March 2024: Letters to the Editor

Record-setting sons and founding fathers


This article is taken from the March 2024 issue of The Critic. To get the full magazine why not subscribe? Right now we’re offering five issues for just £10.

Record-setting sons

Patrick Kidd (THIS SPORTING LIFE, FEBRUARY) writes with his customary sagacity about teenage sporting sensations and the difficulty so many of them have in sustaining early promise.

He mentions Vinod Kambli who at 16 was discussed in the same breath as his schoolboy contemporary, Sachin Tendulkar, but whose initially promising Test career was over within three years. Then again, Kambli still has India’s highest test match average (54). So not a total fail.

But might space be found here to recall another Indian cricket prodigy, Pranav Prashant Dhanawade?

In 2015, when he was 15 and playing in an inter-school tournament, Dhanawade set the record for the highest-ever score in a single innings in a recognised match, swatting 1,009 runs. His school declared on an also record-breaking 1,465 for 3.

Their opponents replied limply with innings of 31 and 52. Hopefully, rather than feel embarrassed, they have learned to dine out on their role in helping history be made.

Overnight, Dhanawade went from being the teenage son of a rickshaw driver to an international sensation. His state government paid for his subsequent education and cricket coaching.

But the high expectation was a hindrance as much as a help. “Every time I walked out to bat, I used to feel the pressure and that on occasions got the better of me. It became difficult for me as I lost focus at times and played a loose shot,” he admitted in 2021.

By then, Covid lockdowns had denied him — and countless other up-and-coming cricketers at the formative period of their development — two seasons of trials. By 2022, he was playing for Northwick Cricket Club in Cheshire. Age 23, his sights are still set on proving he was not a “one-knock wonder” and playing for India. But of this there is, as yet, no sign.

Dhanawade beat the record which had lasted for 116 years, set in 1899 by A.E.J. (Arthur) Collins, a 13-year-old playing in an inter-house match at Clifton College.

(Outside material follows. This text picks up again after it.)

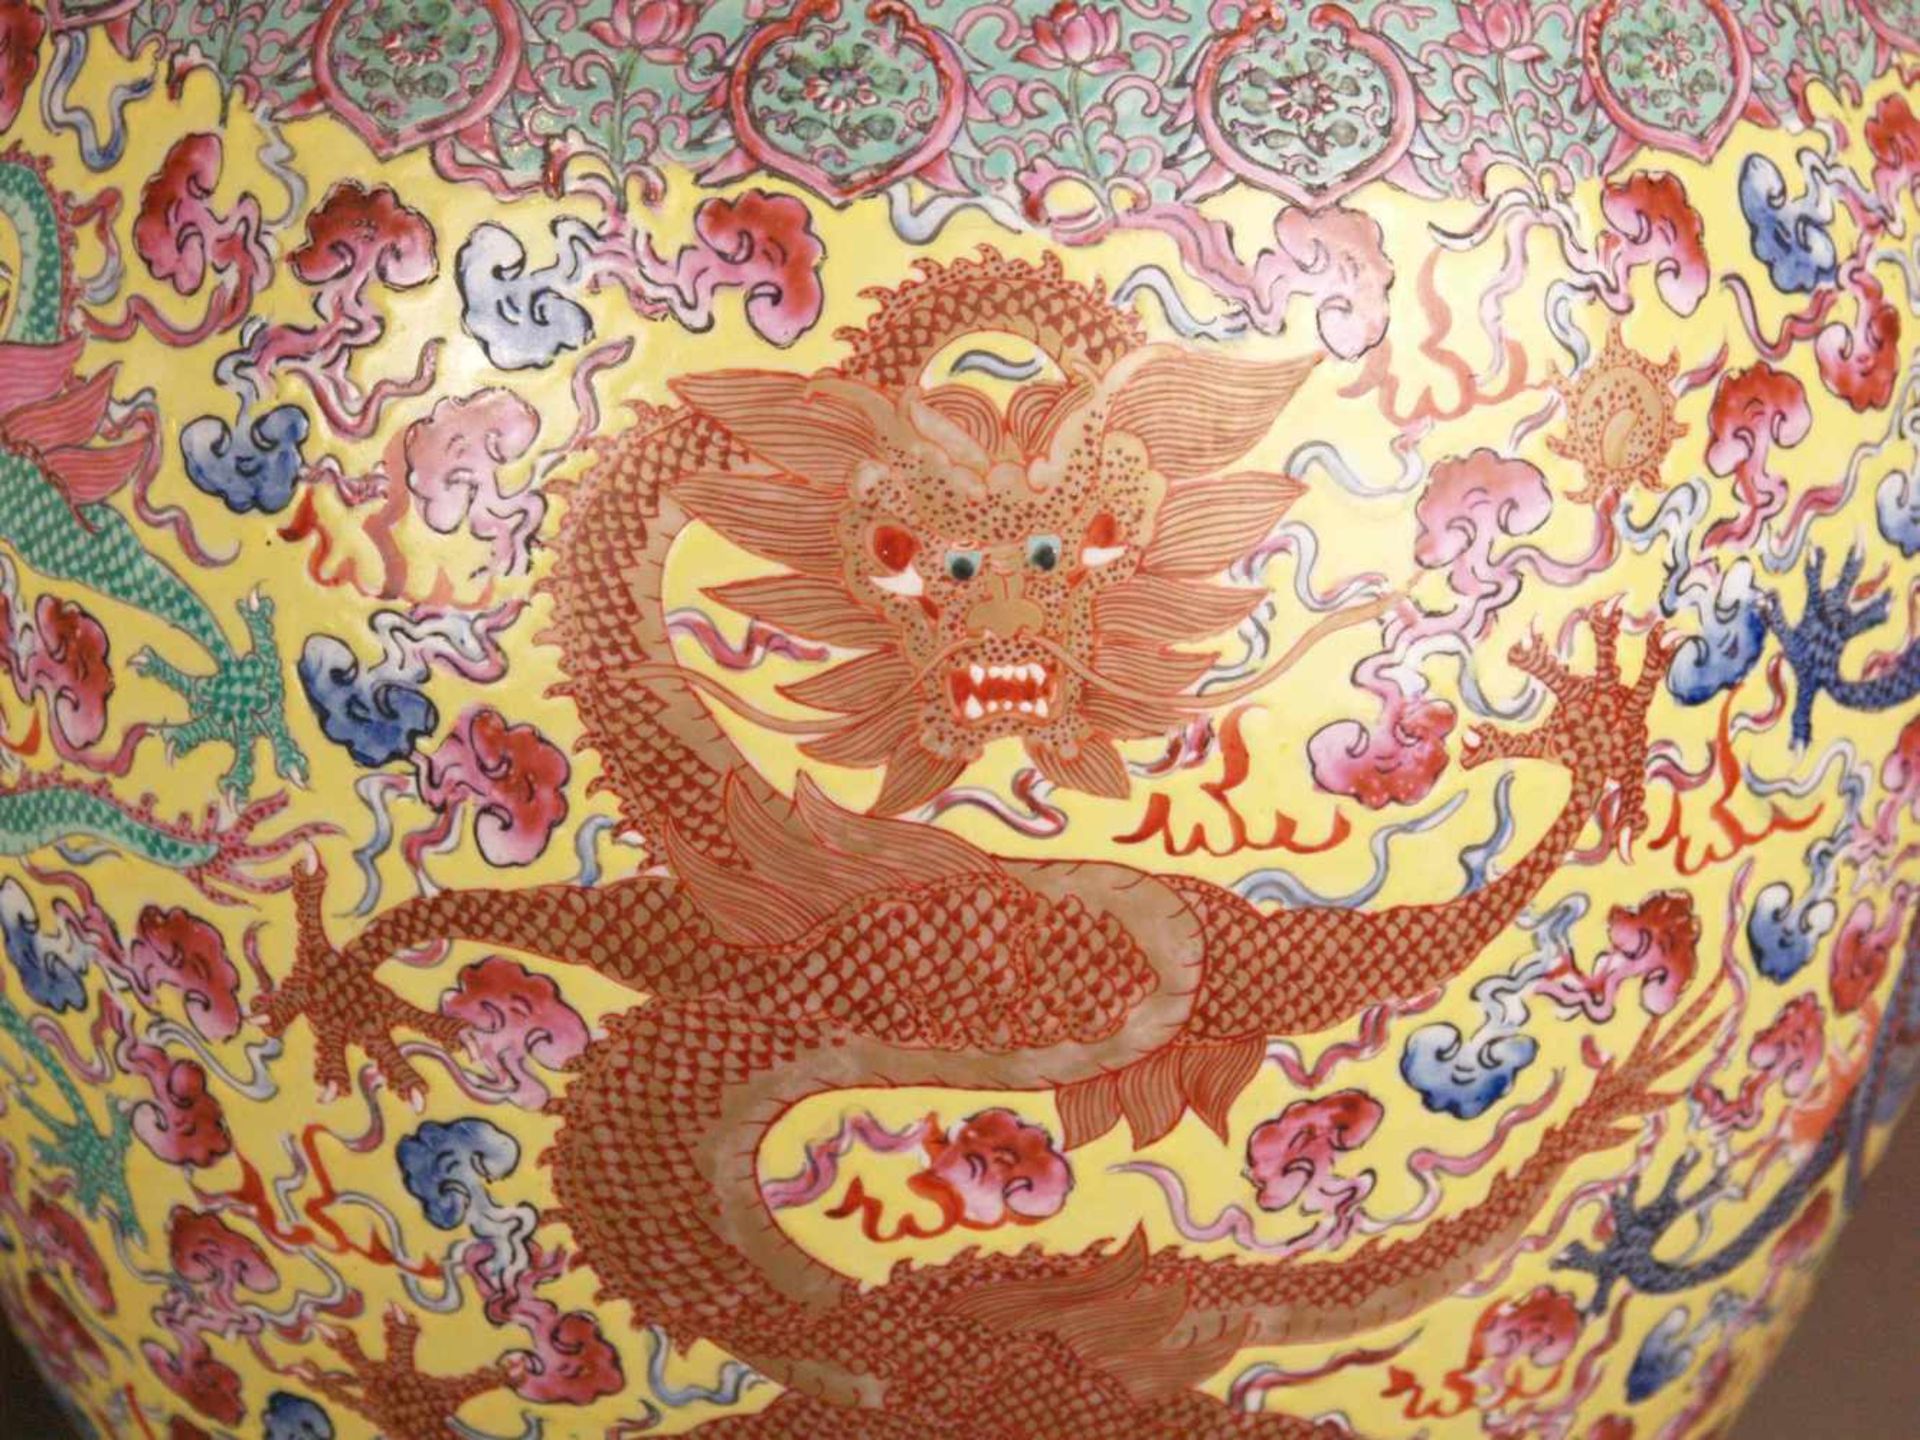 Paar Bodenvasen - China 20.Jh.,Tian qiu ping-Typus, üppiger Dekor in polychromen Emailfarben, auf - Bild 11 aus 15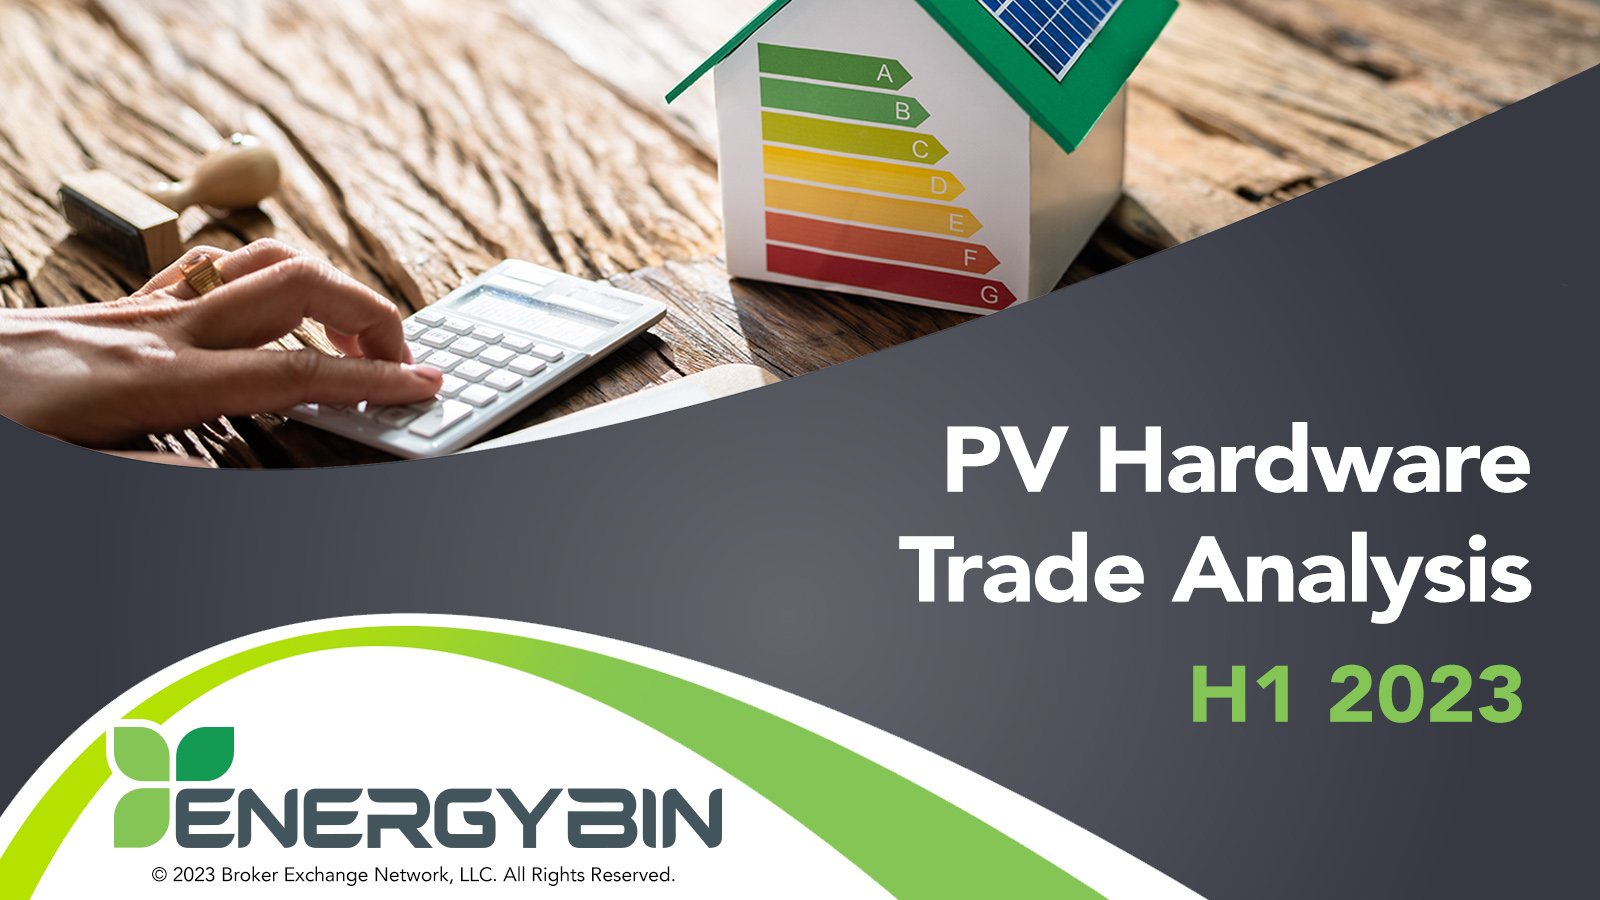 EnergyBin PV Hardware Trade Analysis H1 2023

Crowds accumulated along with his profusion of boundaries over the course of his four days at the crease and prompted a report in The Times . He notched up 628 not out.

Aged 16, Collins joined the Royal Military Academy, Woolwich (for whom he scored a century against Sandhurst) and played at Lord’s for the Royal Engineers.

His army career, however, took precedence. Mentioned in despatches, he was killed at the First Battle of Ypres on 11 November 1914.

Jeremy Barnett

Art for ale’s sake

I read with interest the article by Simone Hanna regarding the state of British pubs (THE SAD DECLINE OF LONDON PUBS ONLINE). I would agree that in older times, perhaps pre-Covid, pubs were more occupied and more likely to stay open until advertised closing times.

But now with increased prices of over £6 a pint fewer people are inclined to part with that kind of money. Gone are the times when offices cleared out at 5pm and the first call was “pub anyone?”

In Greenwich I have tried to buck that trend by doing my bit to breathe new life into my local boozer, the Duke of Greenwich, in the form of a cartoon exhibition. This has increased the footfall in the pub and now means an establishment that came out of the pandemic with empty walls has a new impetus and identity.

They now want to book more artists for their walls and have introduced an extended opening timetable to boot with an actual “happy hour”. Maybe it’s time to give pubs a new lease of life through art?

Pete Songi

Founding Father

I enjoyed Andrea Valentino’s article on Episcopalians in the USA (PREACHING TO AN EVER-DWINDLING CHOIR, FEBRUARY). A big problem must surely be the USA’s foundation myth of having been somehow created by English Protestants — the Mayflower, the Pilgrim Fathers etc.

How many Episcopalians, and how many Brits, can give the name of the oldest city in the USA? It is not in Virginia, Massachusetts or even Maryland.

The oldest city now in the USA is St Augustine, Florida, founded in 1565 by the Spanish admiral Pedro Menéndez de Avilés, many years before the arrival of Protestants from England.